The results show that the cytoplasmic biopsy technique can be generally applied up to 24 hours post retrieval of the oocyte. The biopsy technique is therefore able to be used together with known fertilization techniques, including for example, ICSI and IVF, which are generally used approximately 4 to 6 hours post retrieval of the oocyte. Although in the present study, insemination was performed immediately after biopsy, it is expected that the biopsy may be performed after insemination.

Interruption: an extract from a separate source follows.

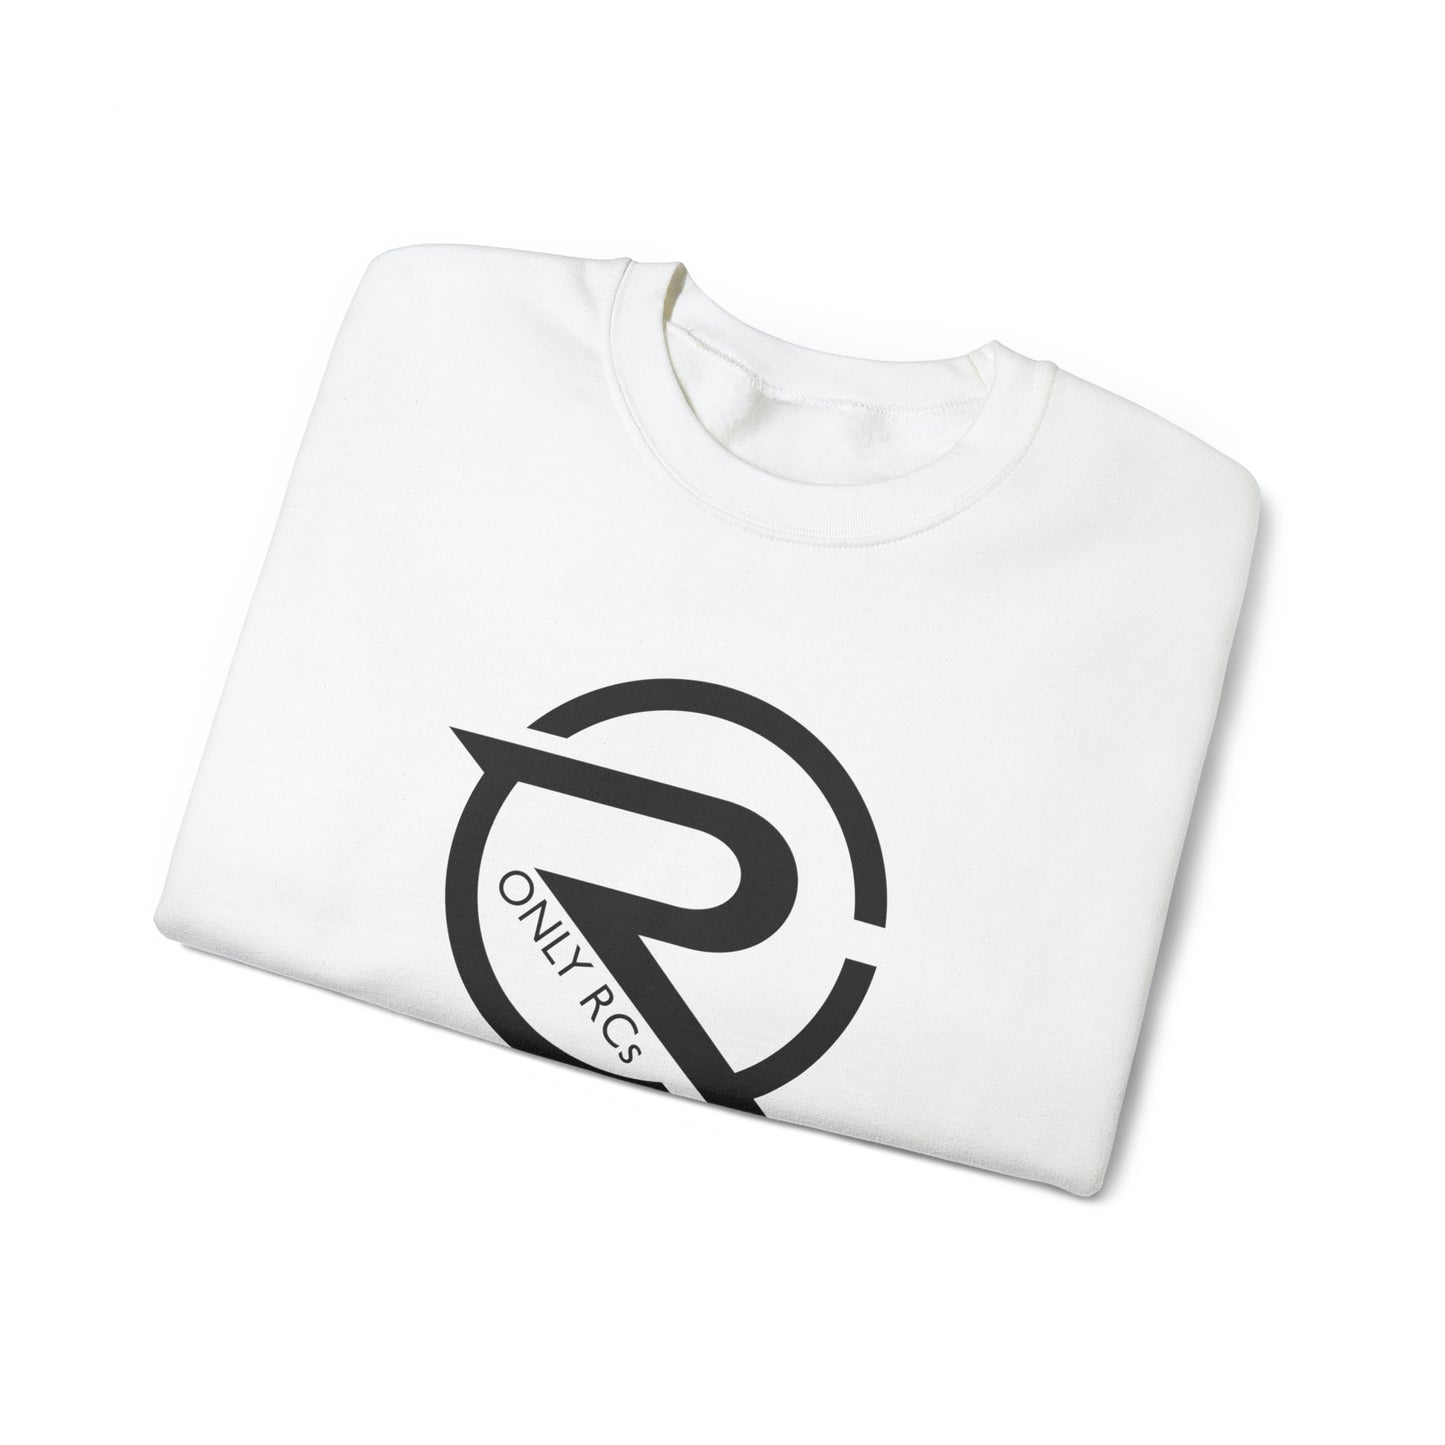 OnlyRCs - OnlyRCs Logo Front and Back Unisex Heavy Blend™ Crewneck Sweatshirt - Series 1
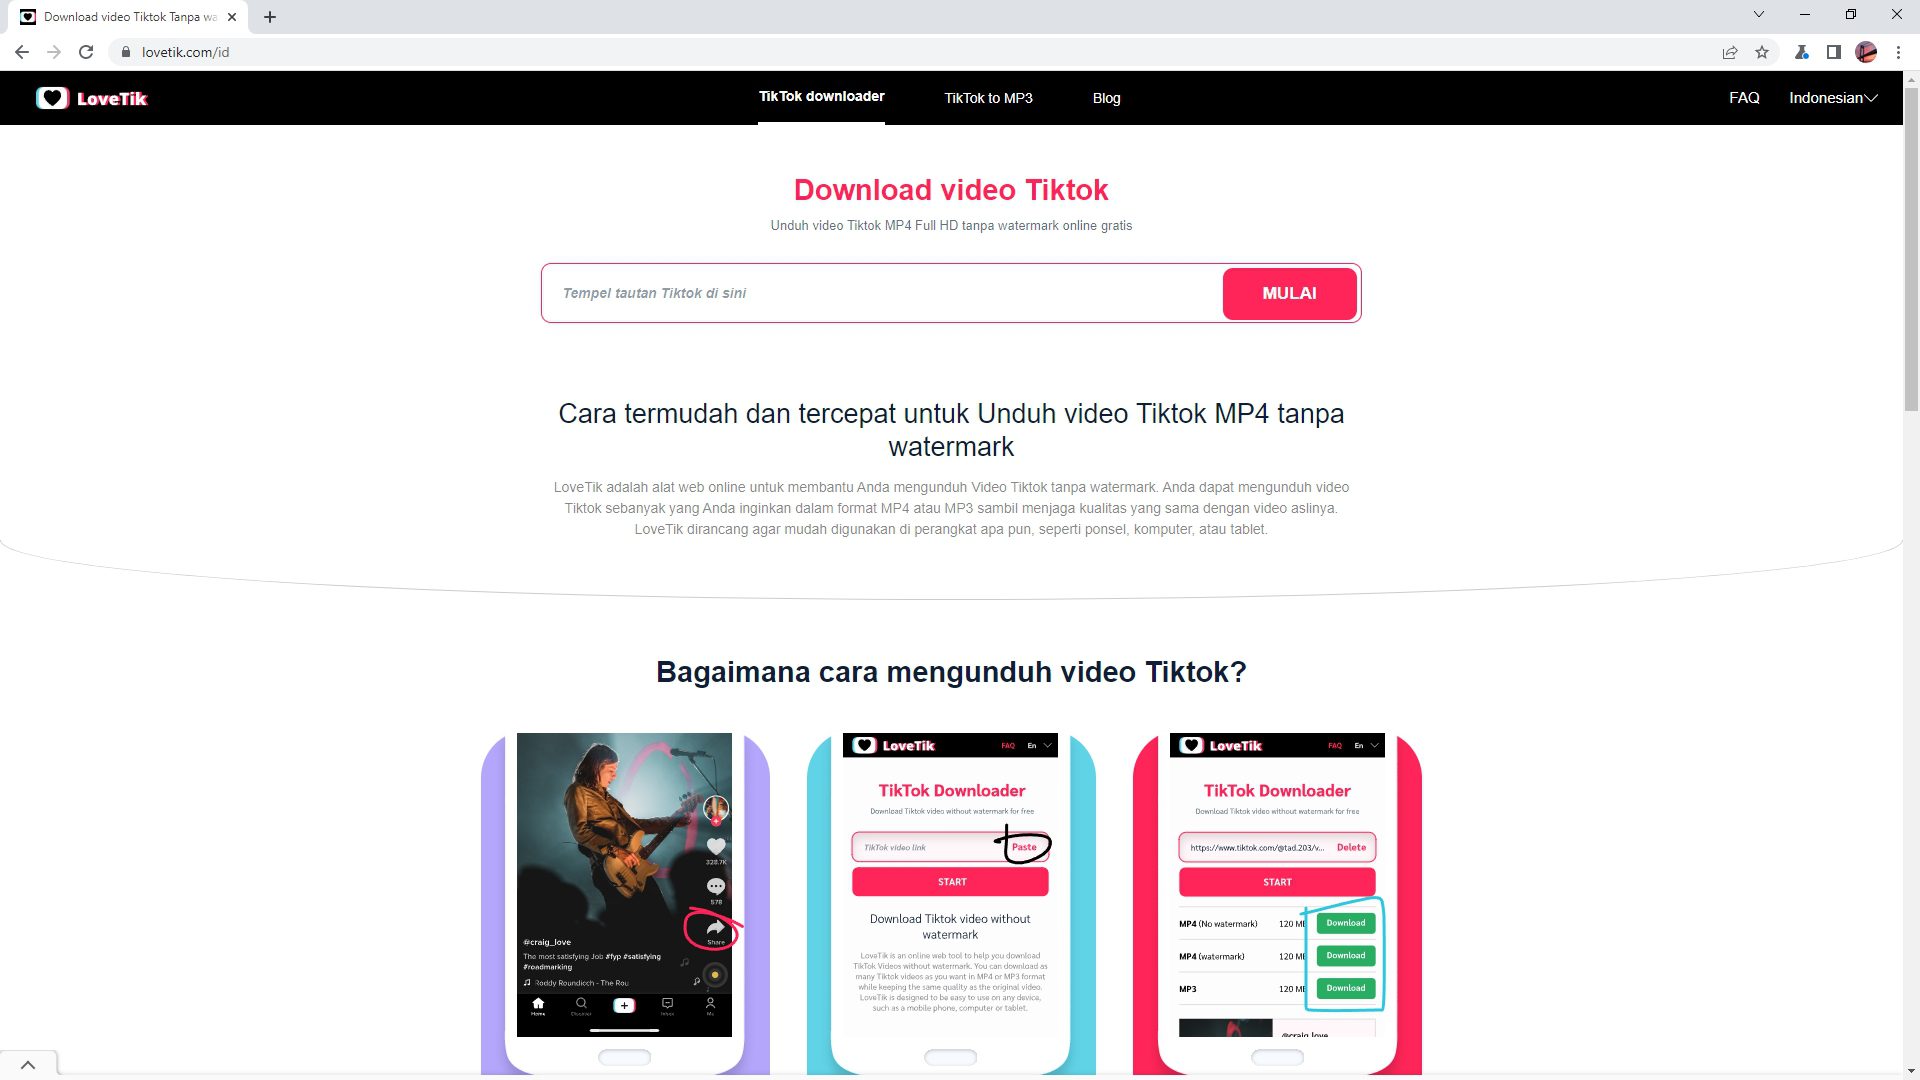 Tiktok Downloader oleh LoveTik 4 Situs Gratis Untuk Download Video TikTok di PC/Laptop 4 Tiktok Downloader oleh LoveTik

We have found that the percentage of oocytes that are morphologically intact after the ICSI procedure (i.e the injection of sperm without removal of cytoplasm) is 95.2%
(based on 2649 oocytes injected) (unpublished results).
By way of comparison, the standard for other types of micro-manipulation was difficult to establish, with the rate of degeneration after polar body and underlying cytoplasm removal for nuclear transplantation in other species not being documented (6, 7). A survival rate of 30.8% (67/217) quoted for foreign mitochondrial injection and a 6% lysis rate has been reported with ooplasmic injection in human oocytes.
Although removal of the cytoplasm is more invasive than ICSI alone, the overall oocyte survival rate in the present study is surprisingly higher than our above discussed survival rates after standard ICSI. Thus the cytoplasmic biopsy technique can be considered potentially l0 acceptable clinically.
The amplification of fragments from the D loop region and the common deletion region of the mitochondrial genome from mitochondria in the cytoplasmic biopsy demonstrates that there is a sufficient source of template DNA in the biopsy sample for analysis by PCR, and that fragments of the order of from less than 0.5 kb to greater than 5 kb can be amplified from the sample. The amplification of fragments from 2 independent loci of the mitochondrial genome suggests that mutations at other loci of the mitochondrial genome, in particular the mutations described in Table 1, can be amplified from the cytoplasmic biopsy sample using PCR and specific oligonucleotides.
The fertilization rate and subsequent cleavage rate was encouraging considering the oocytes donated in these experimental cohorts were greater than 24 hours old at the time of cytoplasmic biopsy and attempted fertilization.
Previous studies have indicated that culture for a period exceeding 20 hours before insemination can compromise oocyte fertilization and development (4,5). In addition, oocytes matured in vitro lack the capacity of oocytes matured in vivo to maintain a high rate of cleavage (8).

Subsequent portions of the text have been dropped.